When I was growing up, one of my favorite comic books was Marvel Comics' "What If?!" series. The basic premise of the series was to explore what would have happened had certain comic books heroes died sooner (or lived longer) than they did in the comics' normal running narratives. "What If?!" also386pxwhatif1 occasionally delved into non-comics history, exploring alternative histories if World War II had turned out differently, and the like. In short, it was a pretty fun (and pretty heady) Saturday night plan for a nerdy 10 year old.

Our friends over at the Economic Policy Institute have a long-running series of trade policy papers that are very much in the best of the "What If?!" vein, except they have the advantage of being not about guys running around in spandex but about REAL STUFF.

In his latest paper on U.S.-China trade, EPI's Rob Scott looks at how many more U.S. manufacturing jobs could have been supported had the U.S. had balanced trade with China over the 1997-2006 period, rather than the over $237 billion trade deficit we have currently.
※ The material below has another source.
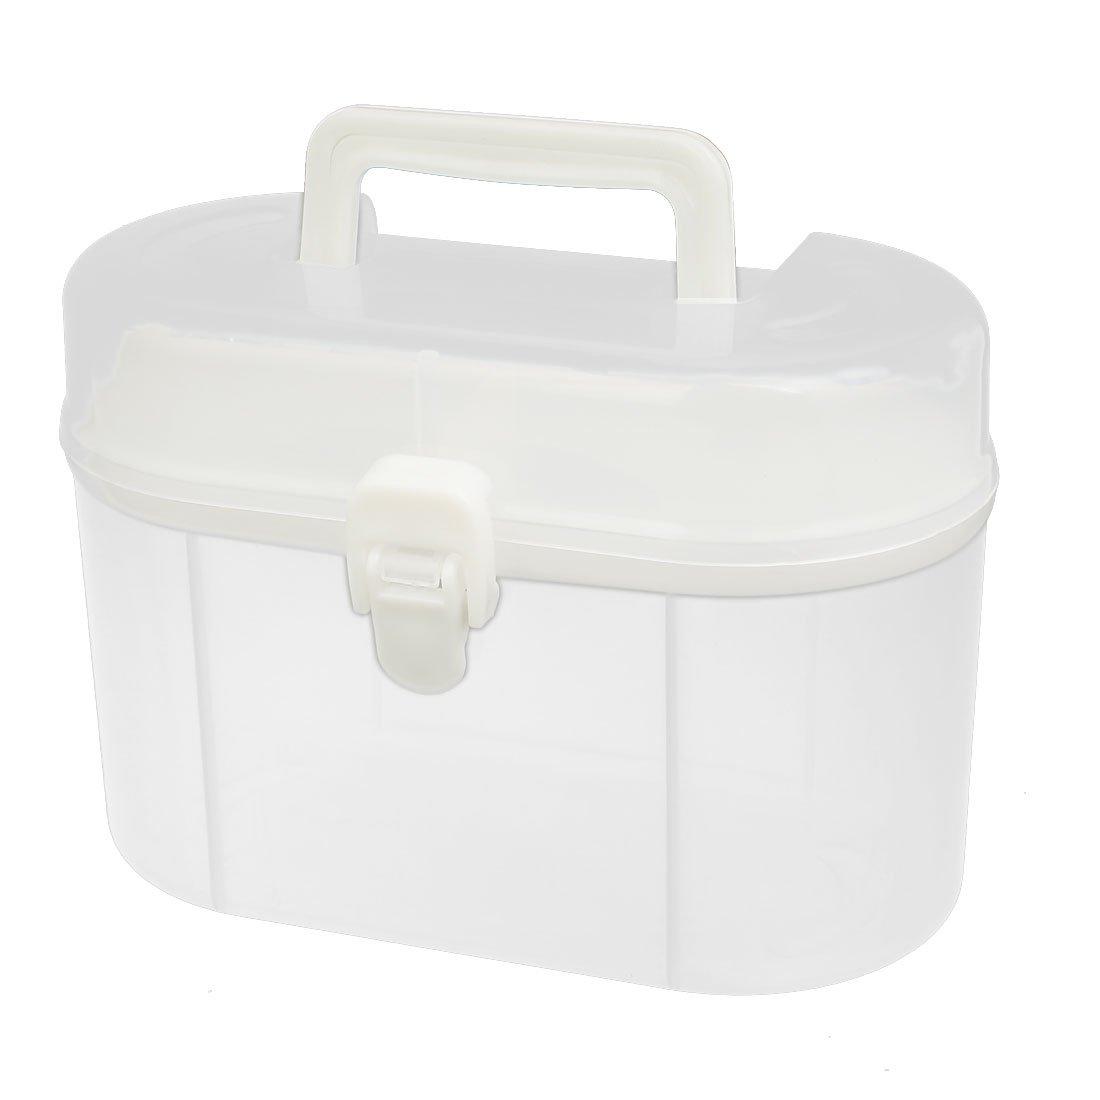 uxcell 180mmx90mmx125mm Plastic Portable Component Storage Organizer Case Toy DIY Tool

He puts the number at a whopping 2,166,000 jobs - the bulk of that for the years since Congress granted "permanent normal trade relations" to China at the end of the Clinton administration. California, Texas, New York, Illinois and Pennsylvania missed out on the most job opportunities, while New Hampshire, North Carolina, California, Massachusetts and Rhode Island lost out on the most job opportunities as a share of its total employment. Check out the paper to see how your state stacks up.
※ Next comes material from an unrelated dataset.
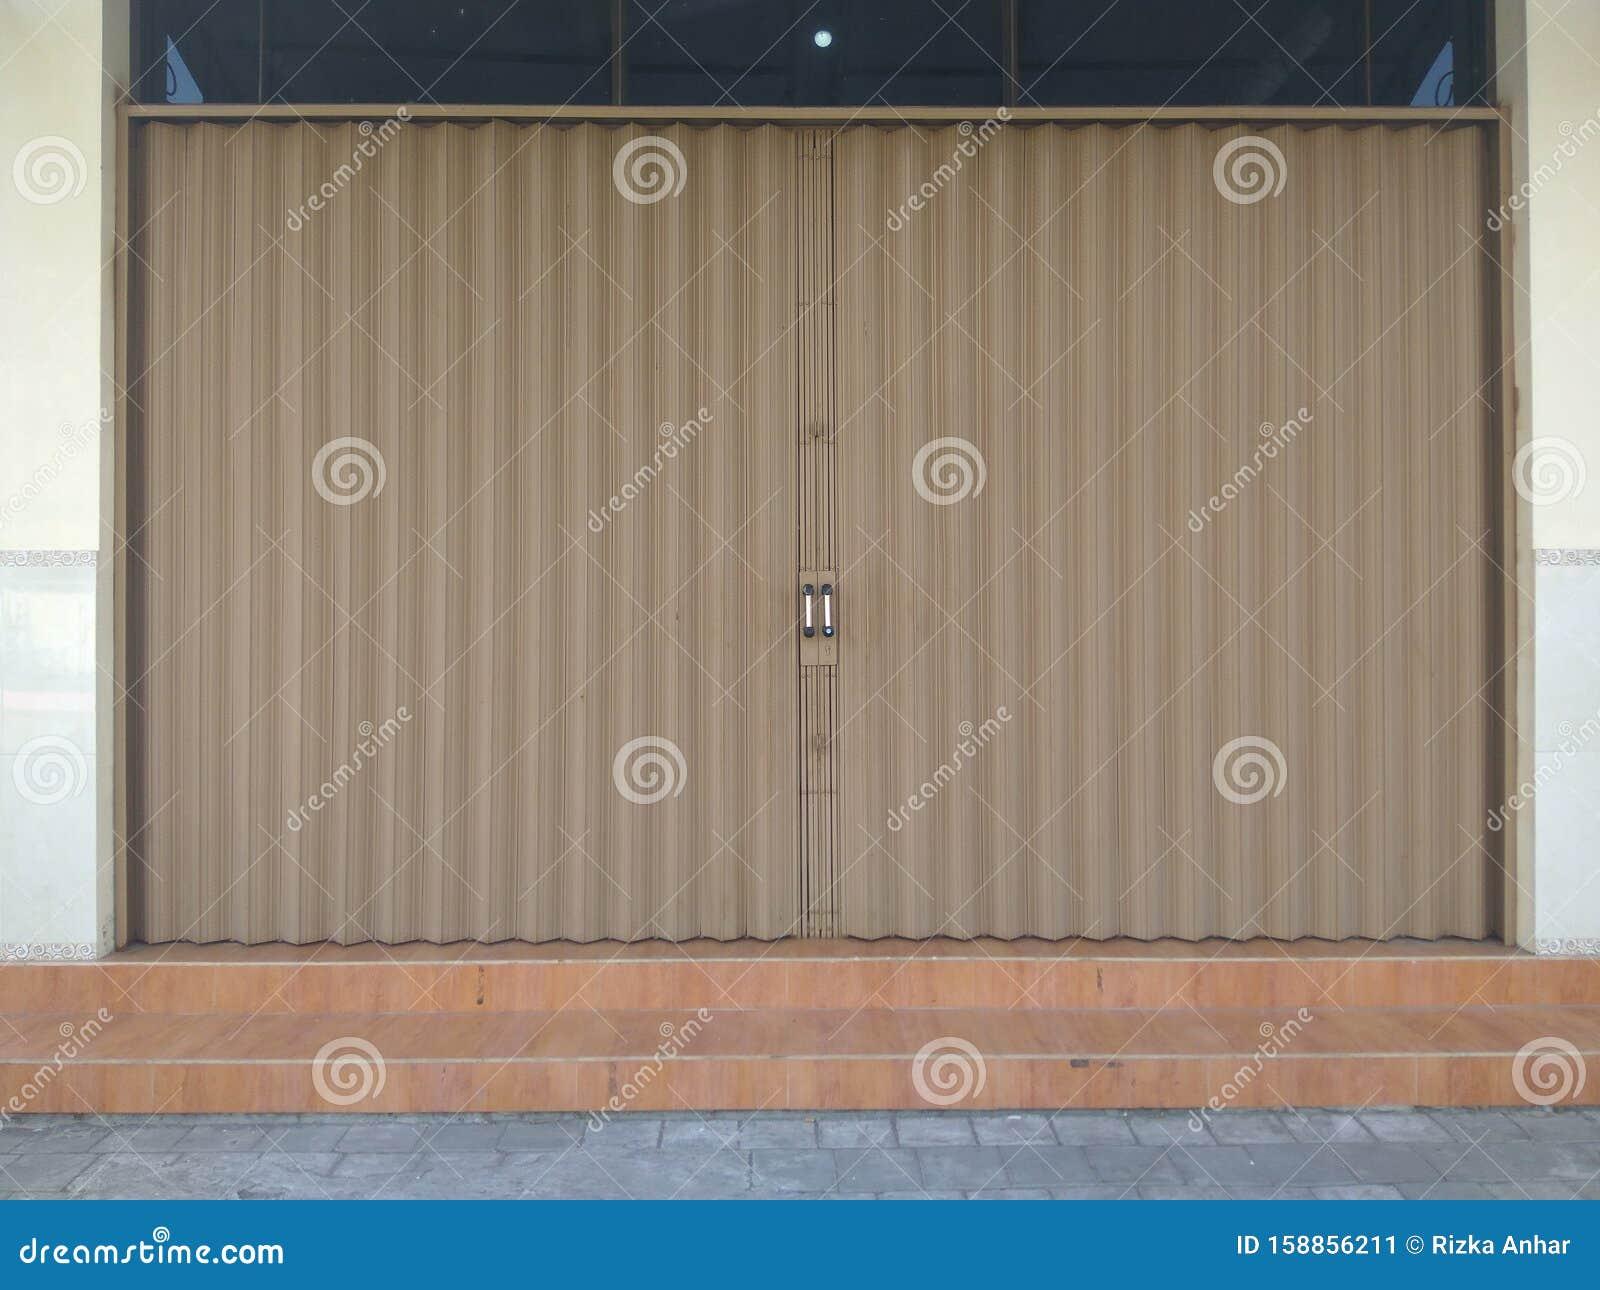 Rolling Door Folding Gate For Garage Stock Image Image Of Garage Consisting 158856211

Rob's "What If?!" work is very valuable, because balanced trade should be the norm to which we compare the current economic nightmare. In the words of my old prof Ajit Singh,

an efficient manufacturing sector is one that “not only satisfies the demands of consumers at home at least cost, but is also able to sell enough of its products abroad to pay for nation’s import requirements.” He adds the qualification that these objectives should be met at “socially acceptable levels of output, employment and the exchange rate.” See Ajit Singh, “Manufacturing and deindustrialization,” in John Eatwell, et. al., The New Palgrave: A Dictionary of Economics, Volume 3, (London: Macmillan, 1987.)

Knowing that over 2 million more good U.S. manufacturing jobs could have been created in a world of balanced China trade, how could anyone say that our current trade policies are "socially acceptable"?? To say so would sound like some comic book bunk.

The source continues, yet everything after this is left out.